Wherever a picture appears in the listing, leave it out, and copy the rest exactly.

● **Provided material**:
*****

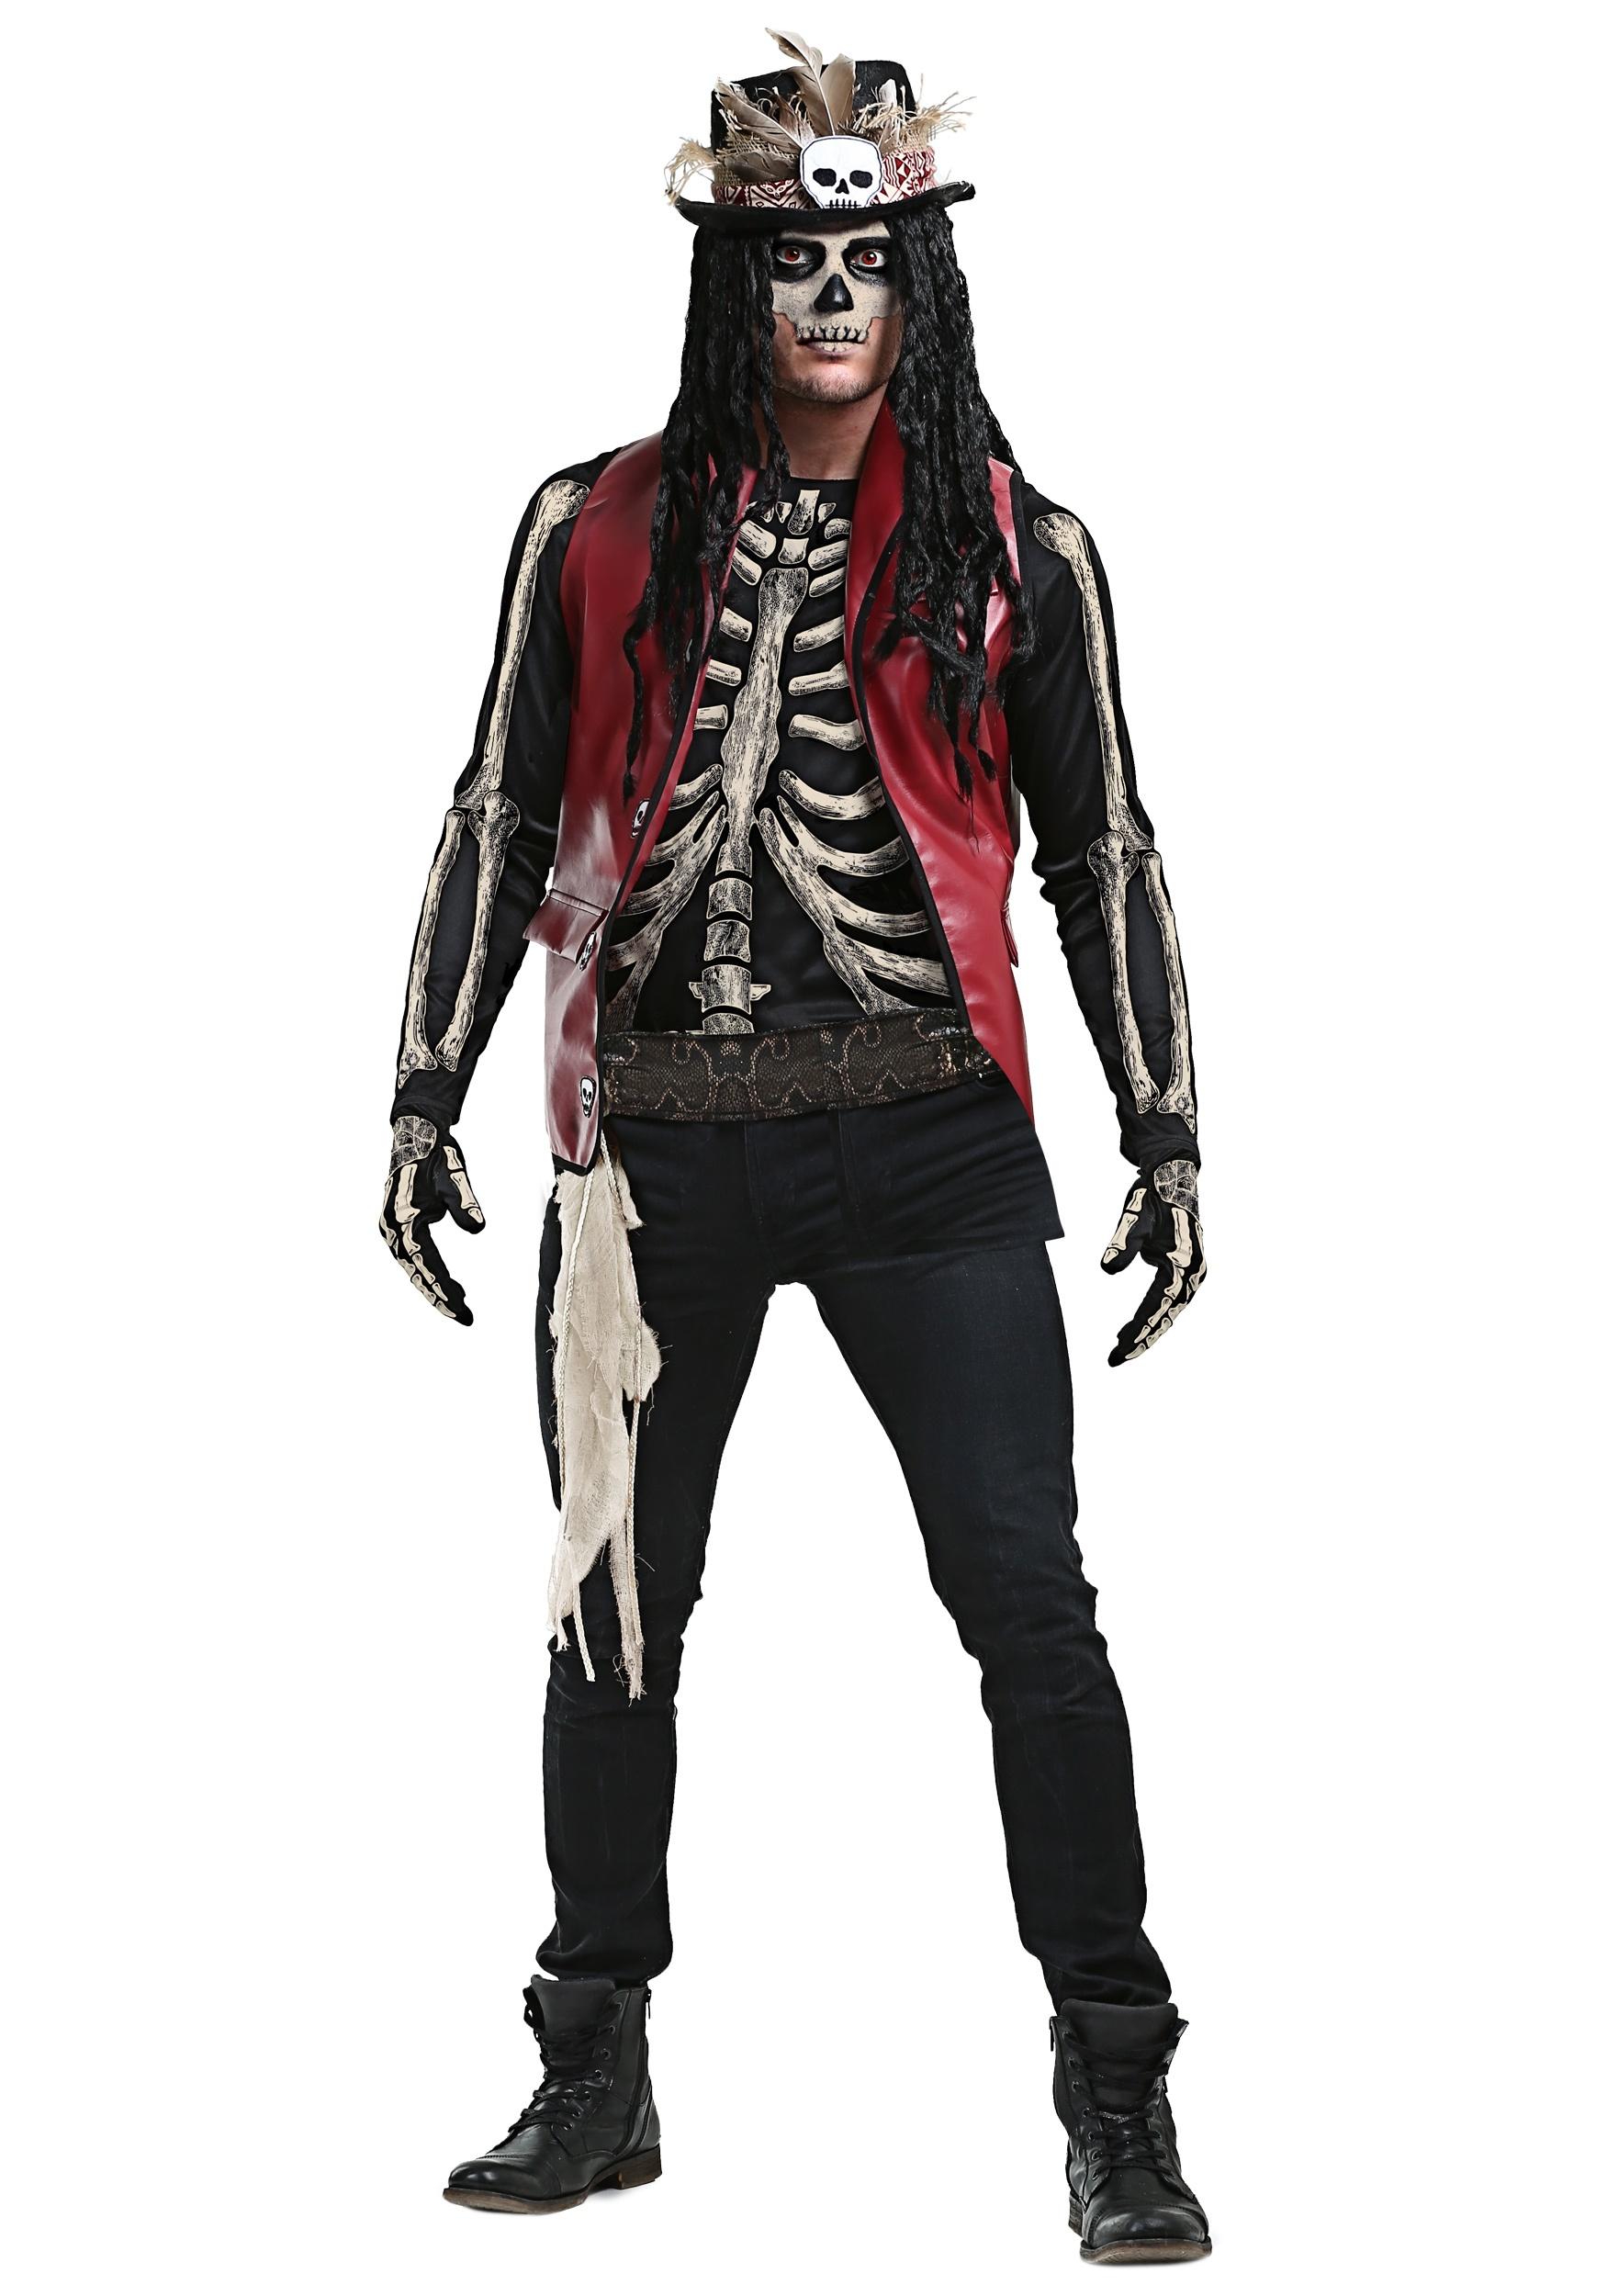 Voodoo Doctor Costume for Men
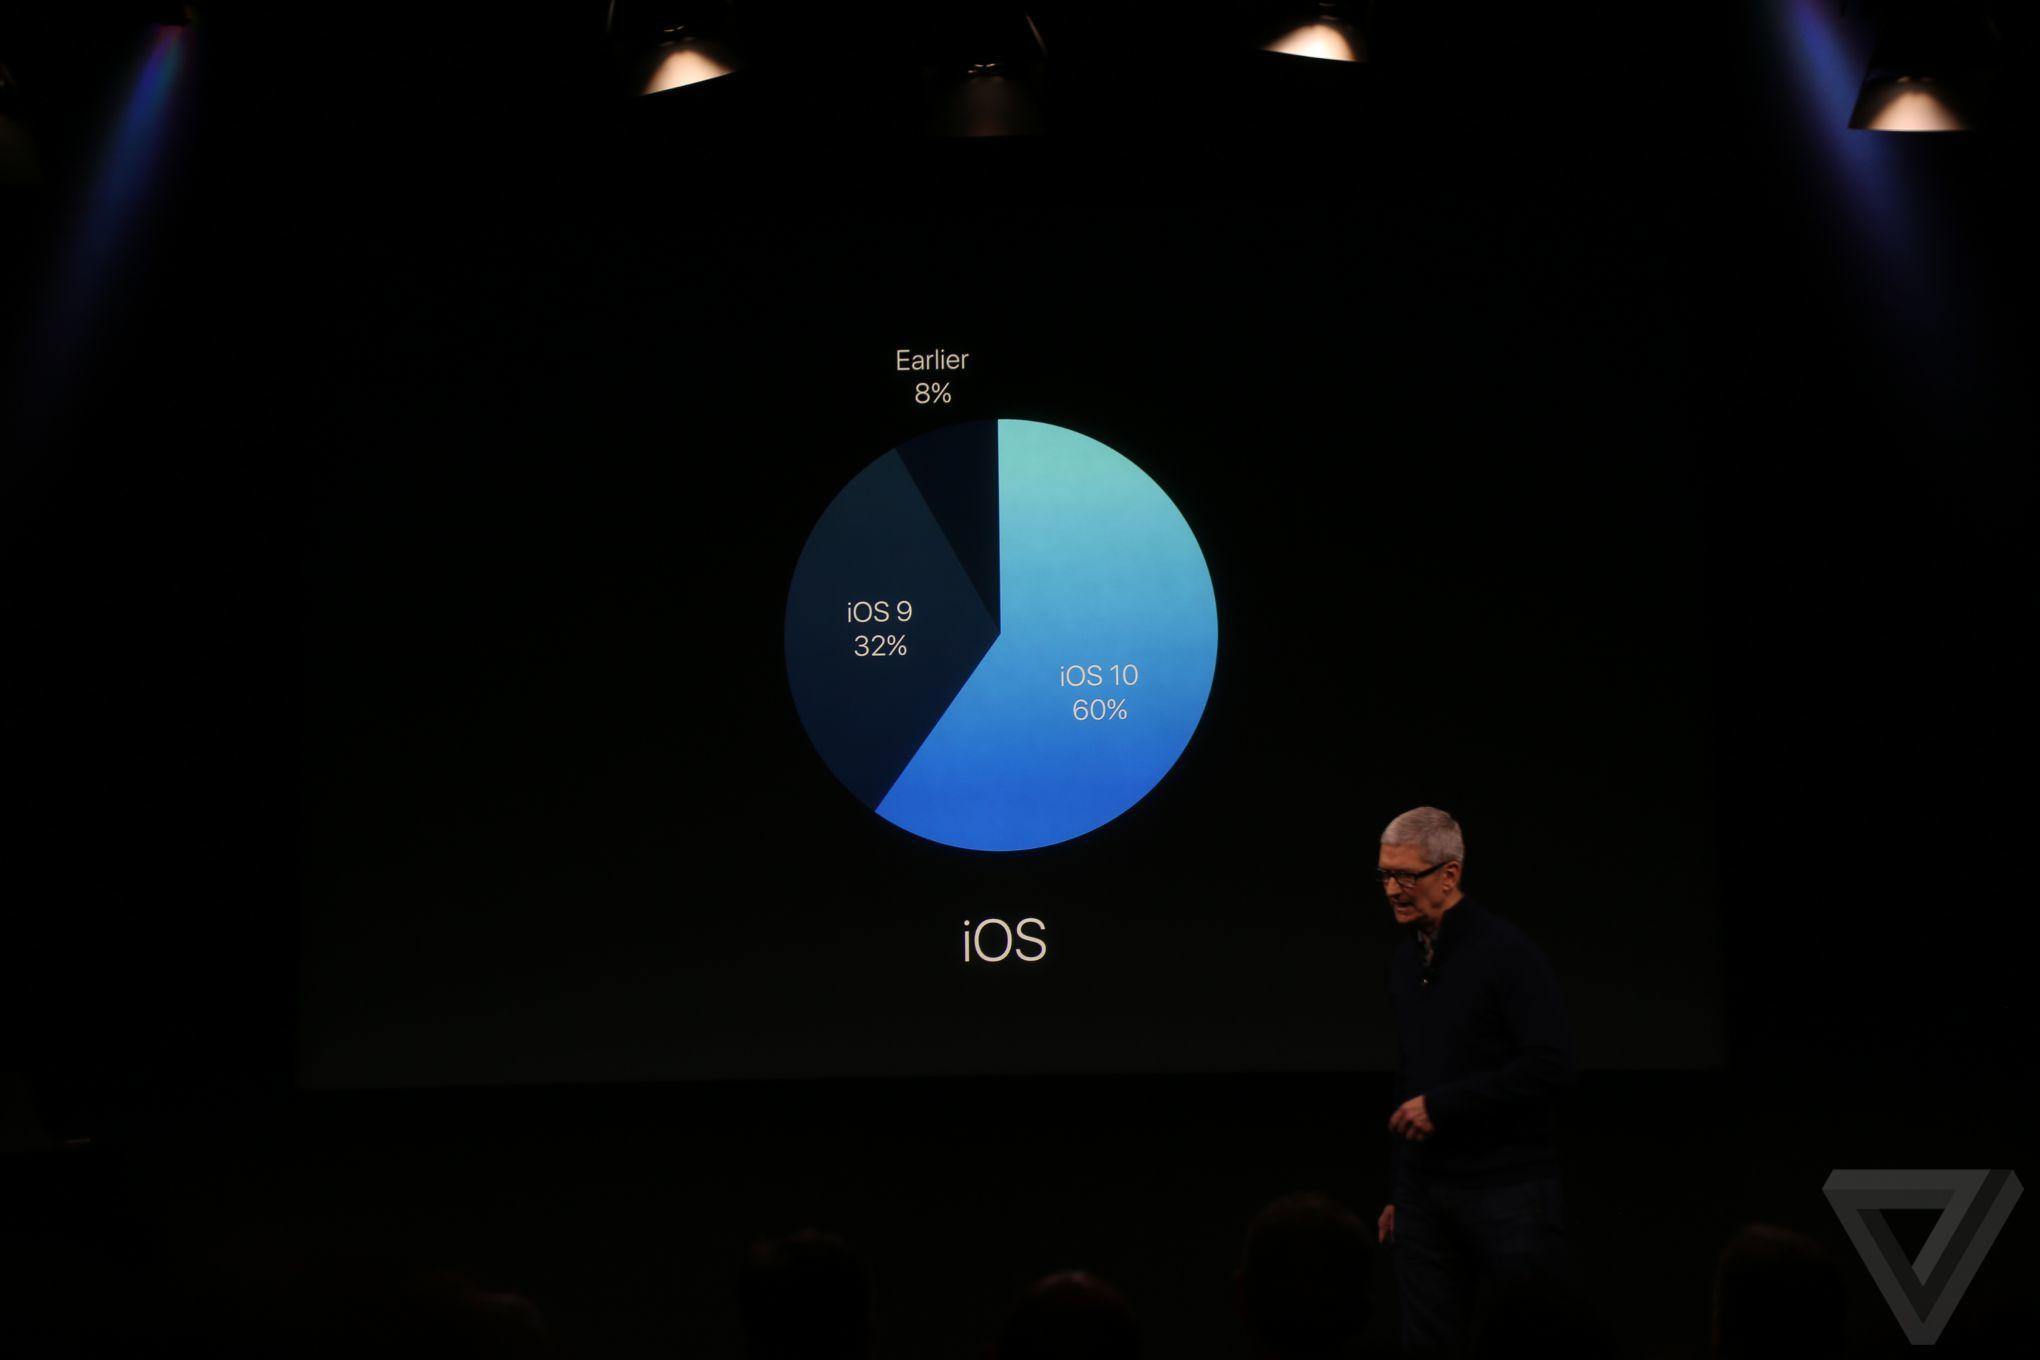 60% dos usuários já estão usando iOS 10
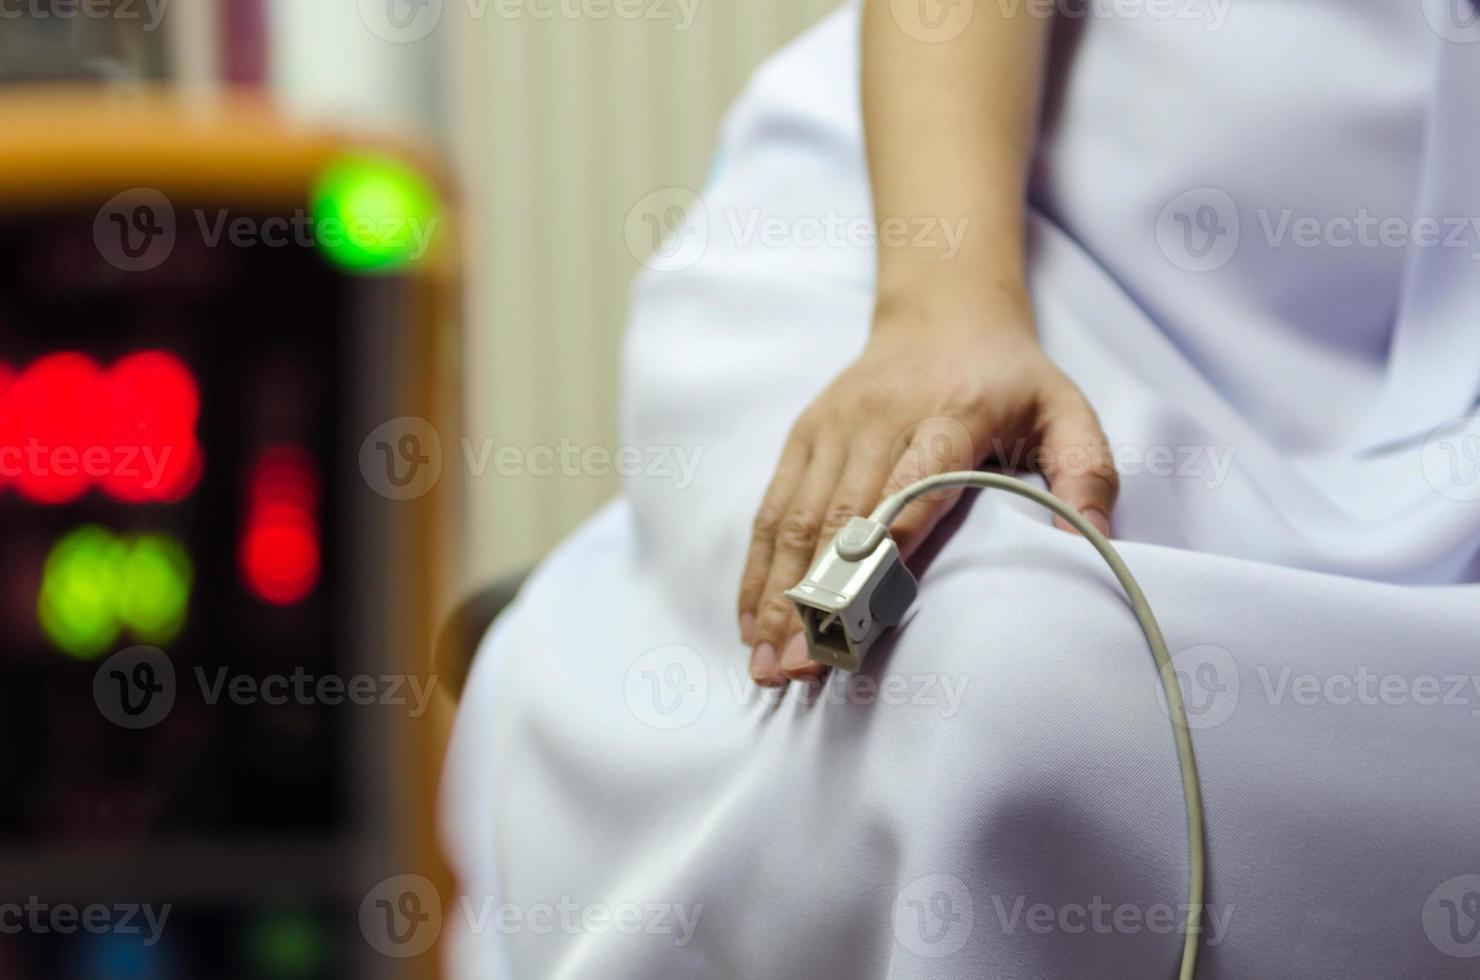 equipo medico y oxigeno foto

*****

● **Solution for this problem**:
 Voodoo Doctor Costume for Men
 60% dos usuários já estão usando iOS 10
 equipo medico y oxigeno foto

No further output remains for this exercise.